The Internet of Things has been giving huge revenues to those who can leverage data via CRM. But let’s take a step further to the bigger brother – the Industrial Internet of Things and automation of the processes.

IIoT devices can transfer information about performance issues and maintenance to the equipment producer. Similarly, IoT-connect CRM software can help companies proactively detect product performance issues and identify potential problems with customer satisfaction – thus providing predictive maintenance, a huge advantage for all parties involved.

Get yourself familiar with how to make sense of machine data in your CRM.
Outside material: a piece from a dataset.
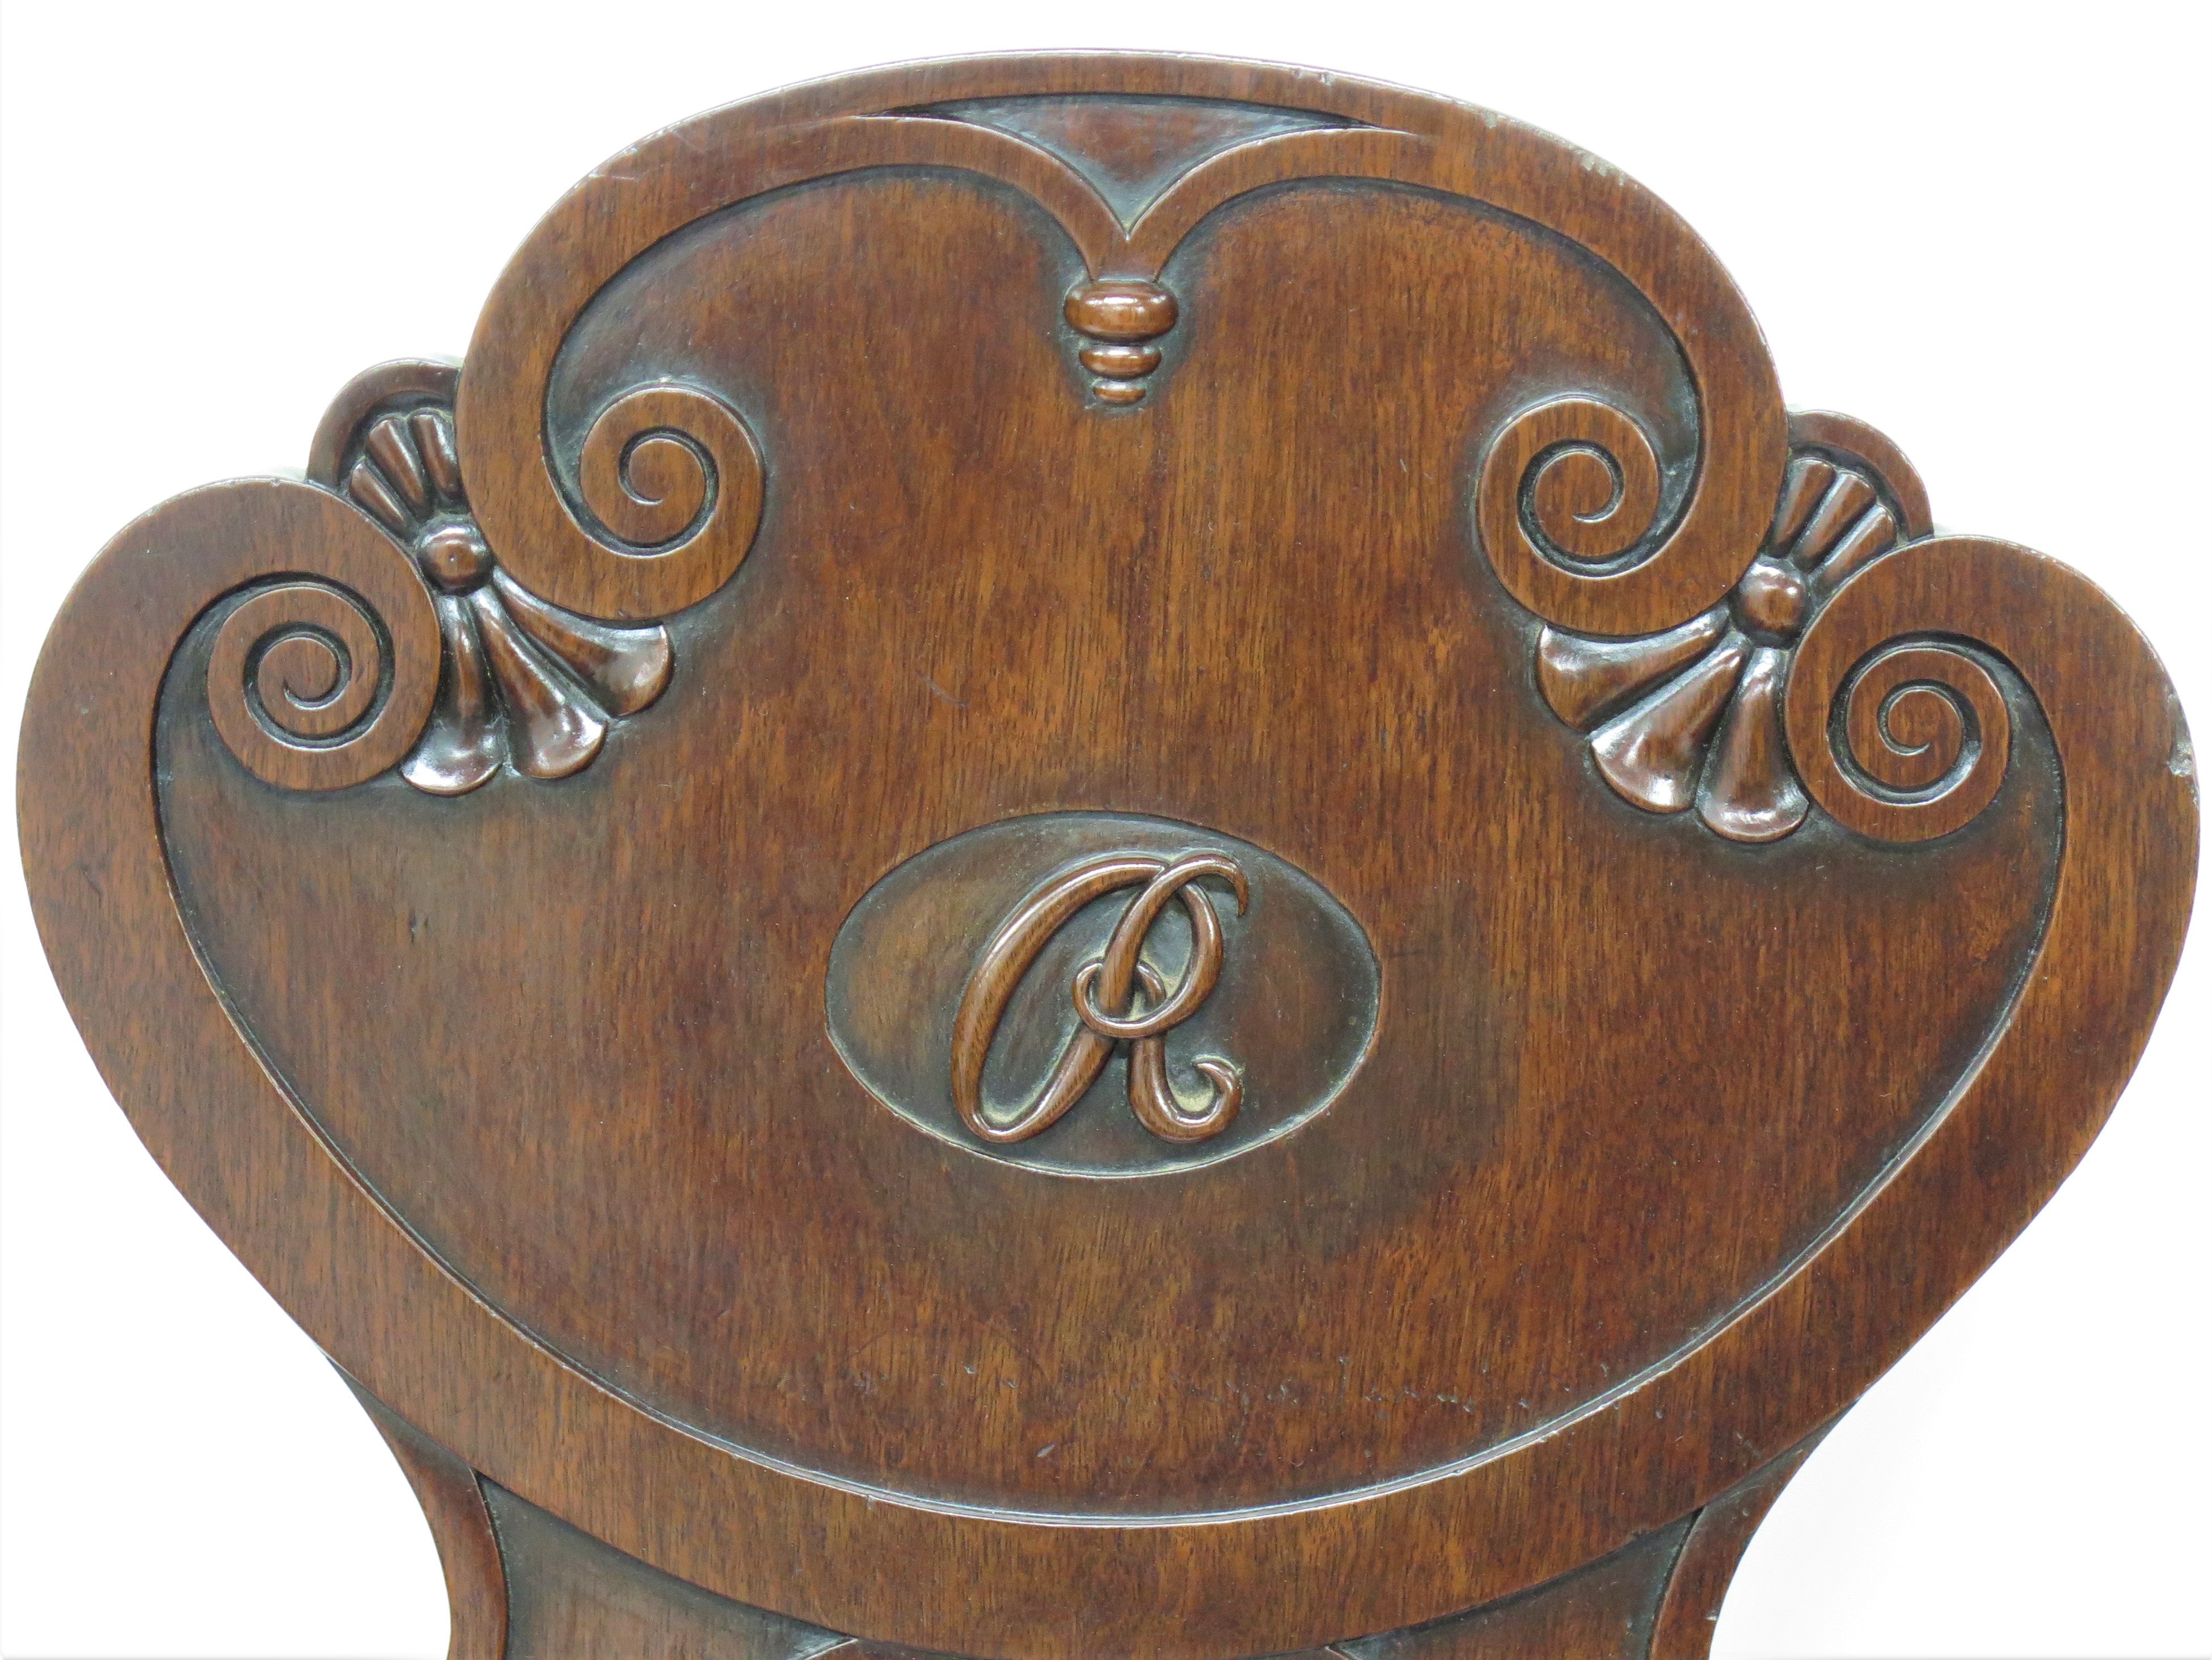 Pair of English Regency Monogrammed "R" Hall Chairs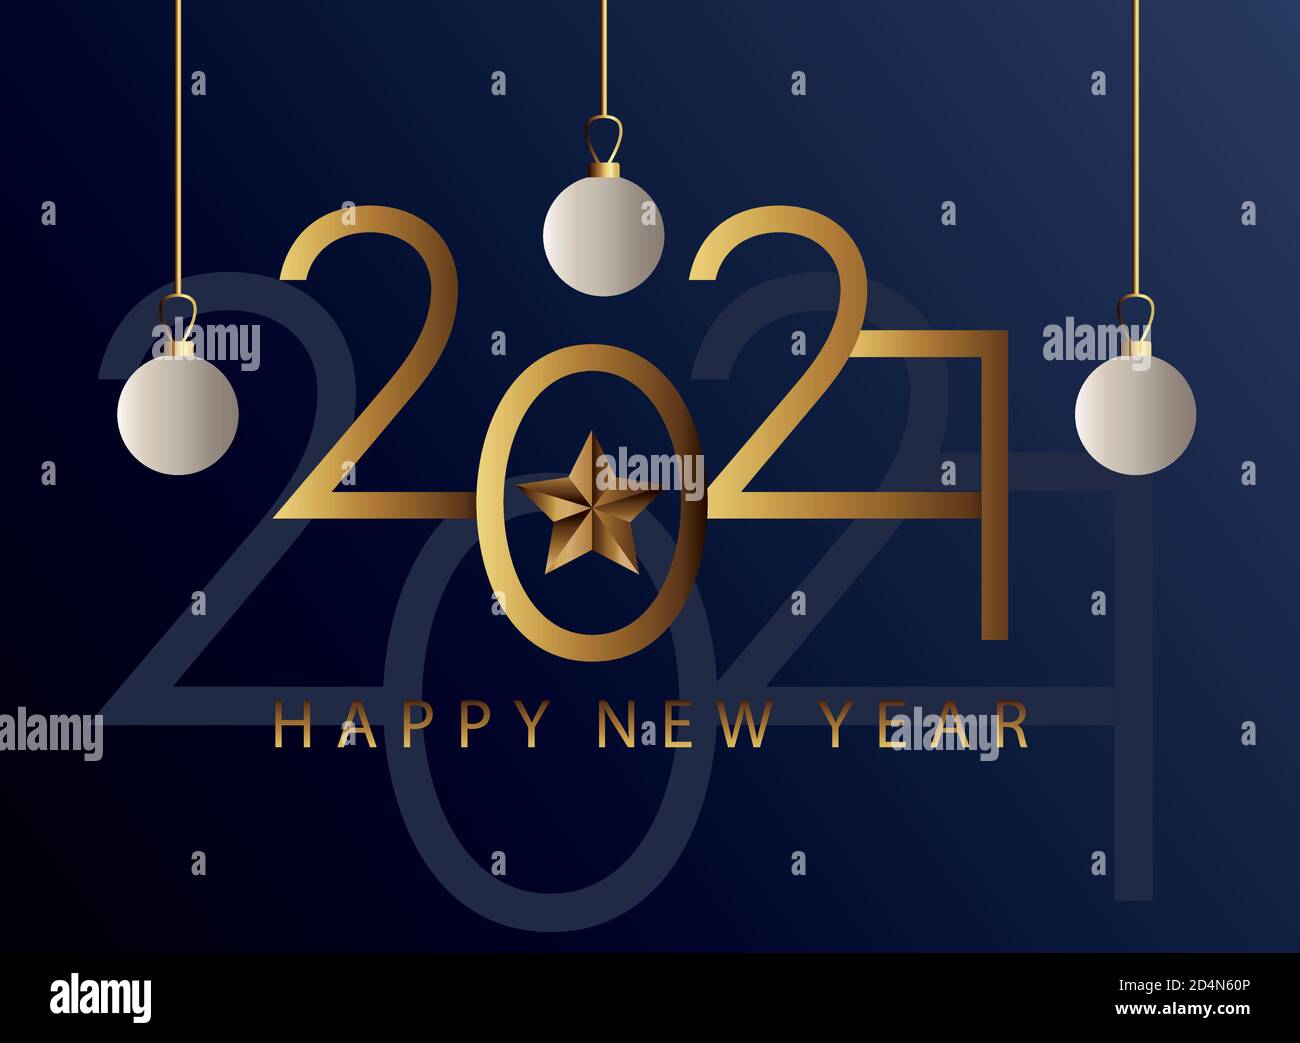 happy new year 2021 golden lettering and balls hanging vector illustration design Stock Vector

CRM security and reporting with blockchain

Financial and legal audits usually cause a lot of eye twitching to business managers. They cost a lot of money, preparation for audits require a lot of effort, and also it usually interrupts the workflow. A new solution by Connecting Software leverages blockchain to provide security for documents in CRM systems and increase trust in business. With a click of a button, you seal a document with a blockchain stamp. And any time later check if the document stayed intact or was changed – with another click of a button. The technology is simple to use – it is inbuilt in a CRM system as an add-on, and it is much cheaper than any other authenticity certificate. Similarly, the blockchain stamps protect your CRM documents against fraud and help reach compliance with the GDPR and other data protection regulations.

Take away

Time and technology are changing, so is CRM. But unlike other fickle trends, mobile connectivity, integration and cloud tech, the Internet of Things, and new ways of proving authenticity are here to stay with us in 2020 and develop even more in 2021. So make sure to keep your customer relationship management up with the flow.